PROBLEM DESCRIPTION
Under this line are the records; write out word for word the part that begins at the line containing "与崽浮游物的白色她熊在白令海 一头北极熊,一头北熊,一umka拉特 熊属类maritimus" and ends at the line containing "d2590924a89 Expertise immobilière", and no more.

** Opening LISTED ENTRIES block **

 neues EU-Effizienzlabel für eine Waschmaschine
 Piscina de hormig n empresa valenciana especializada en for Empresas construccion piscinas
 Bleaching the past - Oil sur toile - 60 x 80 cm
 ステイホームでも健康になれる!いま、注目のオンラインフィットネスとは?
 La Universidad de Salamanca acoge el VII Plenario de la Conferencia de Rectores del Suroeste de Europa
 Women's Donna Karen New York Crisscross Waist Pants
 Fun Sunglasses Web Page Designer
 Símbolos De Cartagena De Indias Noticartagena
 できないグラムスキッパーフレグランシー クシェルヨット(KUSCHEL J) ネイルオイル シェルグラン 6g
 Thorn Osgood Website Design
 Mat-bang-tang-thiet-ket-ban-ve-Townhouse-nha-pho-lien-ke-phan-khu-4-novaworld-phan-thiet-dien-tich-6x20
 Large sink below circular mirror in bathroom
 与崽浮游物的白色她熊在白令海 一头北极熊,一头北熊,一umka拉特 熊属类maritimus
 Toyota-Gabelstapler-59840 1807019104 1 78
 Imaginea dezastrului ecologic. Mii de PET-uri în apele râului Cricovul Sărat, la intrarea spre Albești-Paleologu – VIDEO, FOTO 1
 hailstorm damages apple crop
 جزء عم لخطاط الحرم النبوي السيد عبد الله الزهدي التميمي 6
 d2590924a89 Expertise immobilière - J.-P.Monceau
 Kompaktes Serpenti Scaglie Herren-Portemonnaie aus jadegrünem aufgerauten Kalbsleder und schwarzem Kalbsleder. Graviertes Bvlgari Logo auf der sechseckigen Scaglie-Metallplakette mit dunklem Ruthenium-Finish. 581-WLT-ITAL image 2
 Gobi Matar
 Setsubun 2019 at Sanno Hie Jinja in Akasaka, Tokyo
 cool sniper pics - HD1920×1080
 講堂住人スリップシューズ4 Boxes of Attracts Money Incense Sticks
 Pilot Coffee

** Closing LISTED ENTRIES block **

OUTPUT FOR THIS TASK
 与崽浮游物的白色她熊在白令海 一头北极熊,一头北熊,一umka拉特 熊属类maritimus
 Toyota-Gabelstapler-59840 1807019104 1 78
 Imaginea dezastrului ecologic. Mii de PET-uri în apele râului Cricovul Sărat, la intrarea spre Albești-Paleologu – VIDEO, FOTO 1
 hailstorm damages apple crop
 جزء عم لخطاط الحرم النبوي السيد عبد الله الزهدي التميمي 6
 d2590924a89 Expertise immobilière - J.-P.Monceau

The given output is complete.